2. Mandatory incident reporting within 6 hours This is the operative clause. If you experience any of the 28 listed incident types, you must report to CERT-In within 6 hours of detection — not 6 hours of becoming certain it was an incident, 6 hours of detection. The 28 categories include:
- Targeted scanning of critical networks
- Compromise of critical systems
- Website defacement
- Malware propagation
- Unauthorised access to IT systems
- Data breach or theft
- Attacks on internet infrastructure
- Phishing and fraudulent websites
- DDoS attacks
- Cryptomining / cryptojacking
- Ransomware attacks
4. Maintain ICT system logs for 180 days All logs must be retained for a minimum of 180 days within Indian jurisdiction. If you use a foreign SIEM or cloud logging service, logs must be mirrored to India. This covers: server logs, application logs, network device logs, firewall logs, and VPN logs.

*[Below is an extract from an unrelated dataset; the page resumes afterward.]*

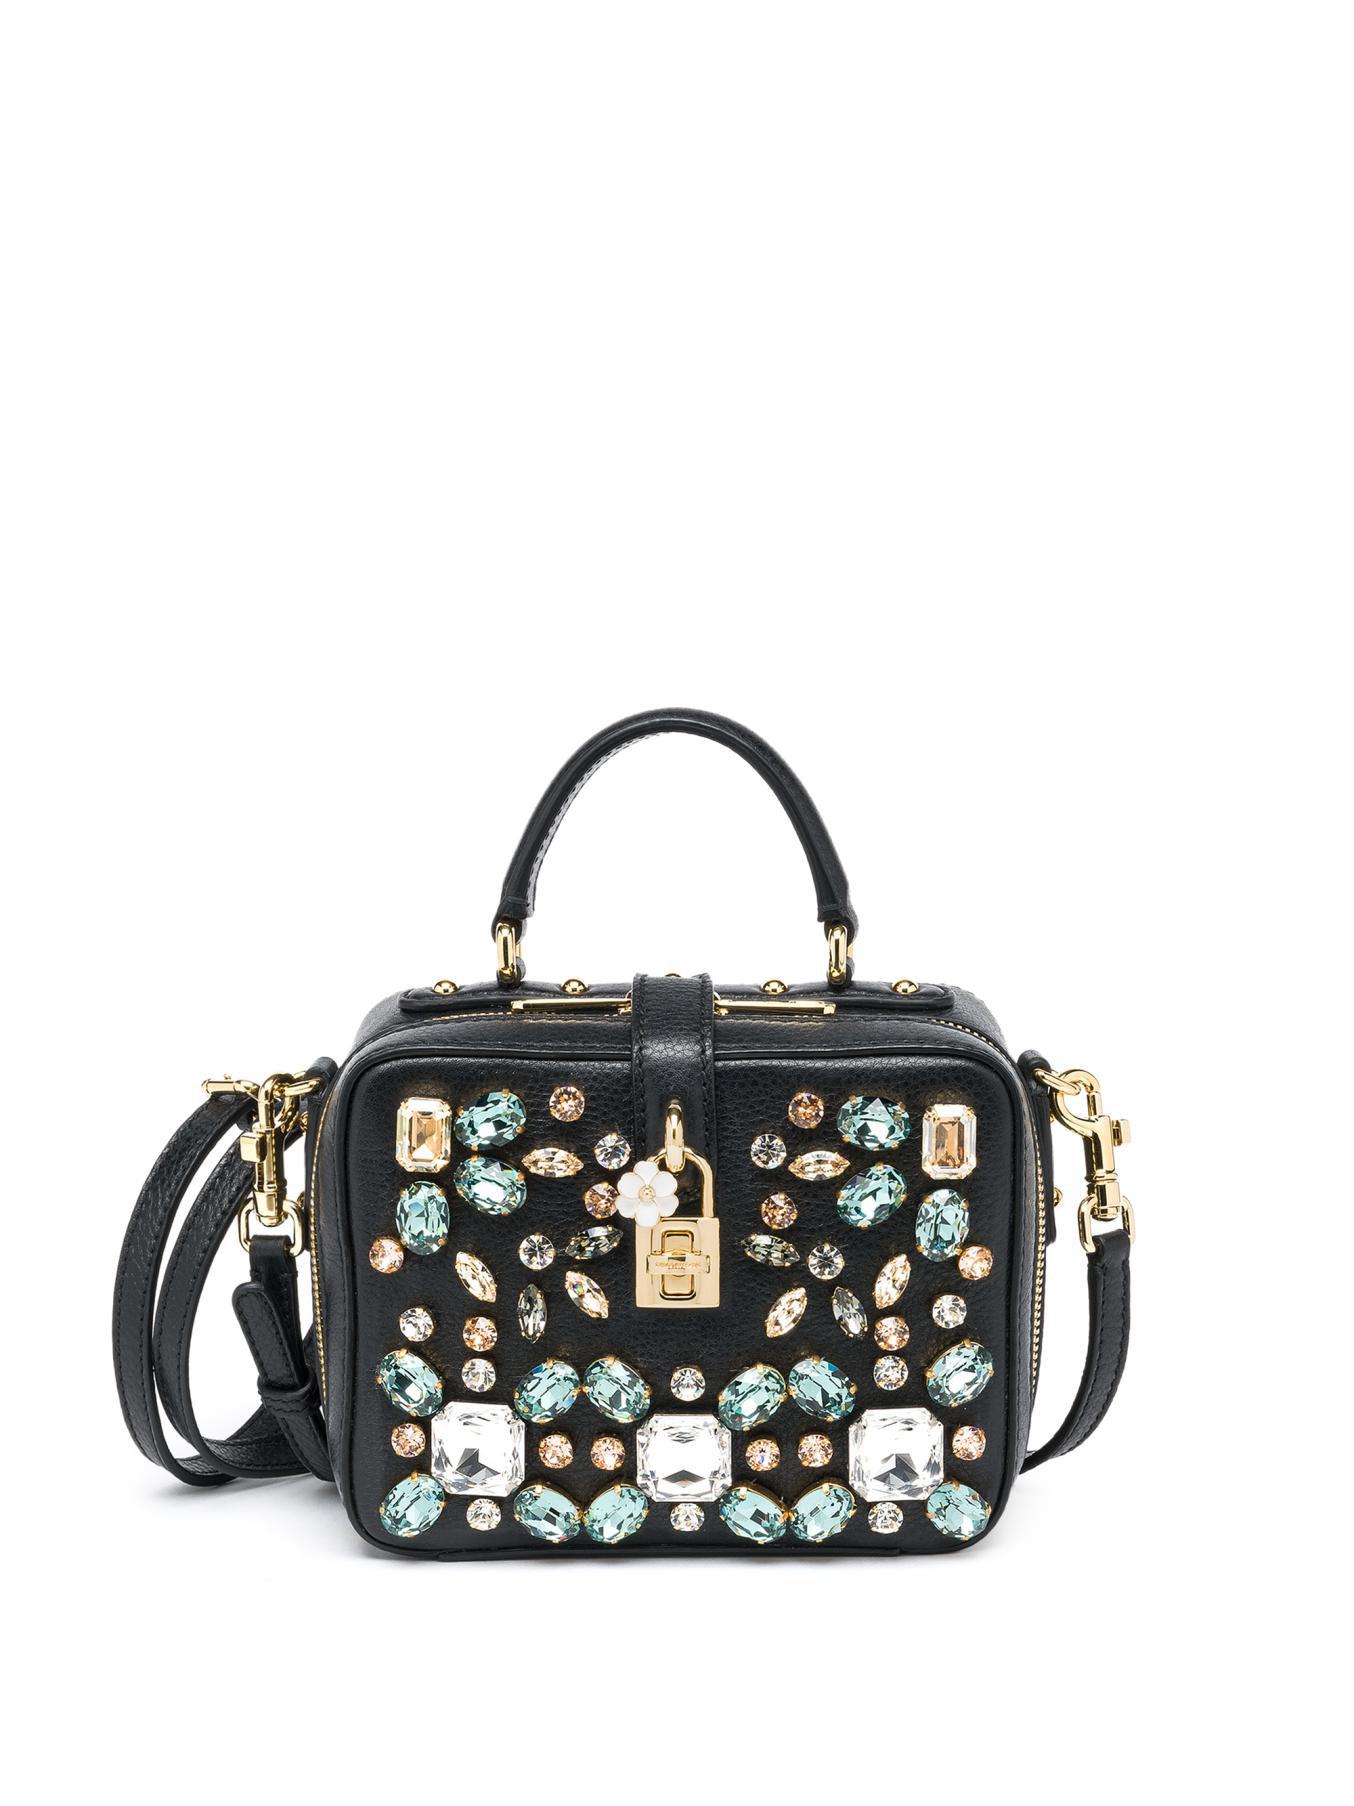 Lyst - Dolce   Gabbana Embellished Camera Bag in Black fd986d56ddd47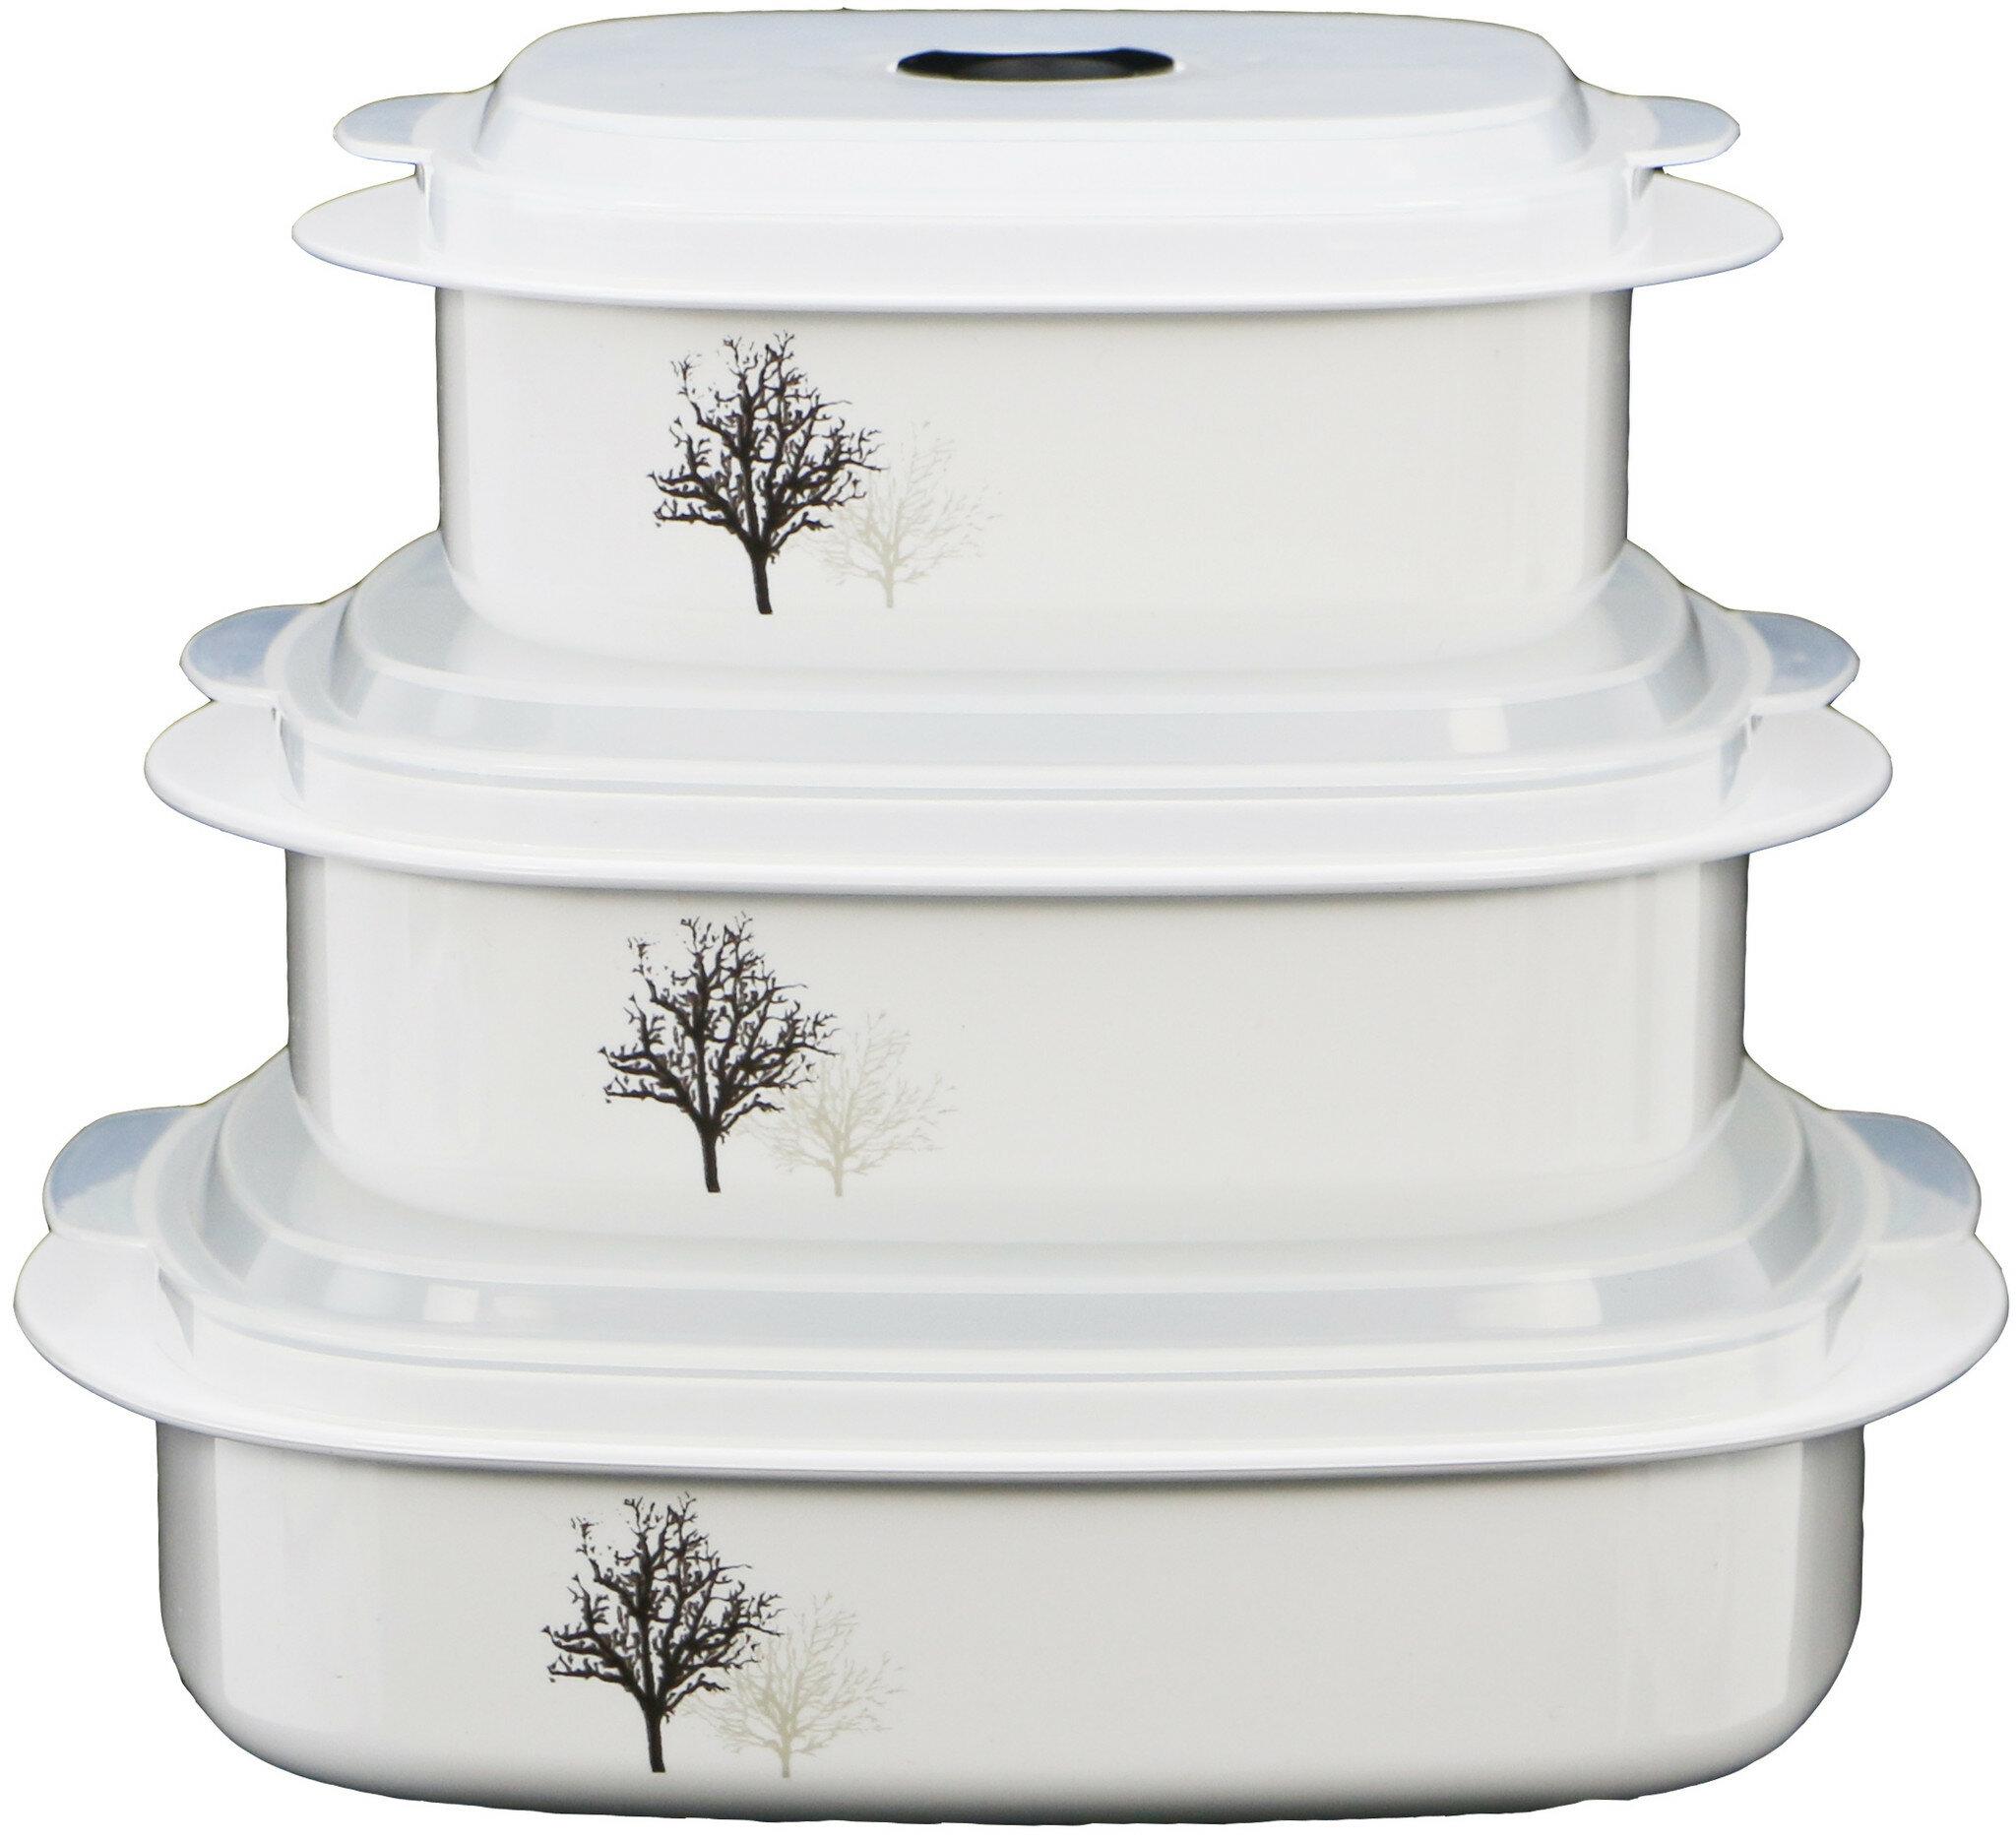 Corelle Coordinates 3 Container Food Storage Set Reviews Wayfair

5. Virtual Asset Service Providers (VASPs) must maintain KYC records for 5 years Specifically applicable to crypto exchanges, wallet providers, and custodians. Customer identity records, transaction logs, and financial records must be retained for 5 years.
6. Virtualisation and cloud providers must provide subscriber information on request If you are a cloud, VPN, or hosting provider, you must be able to produce subscriber information on a CERT-In request within the timeframe specified in the request.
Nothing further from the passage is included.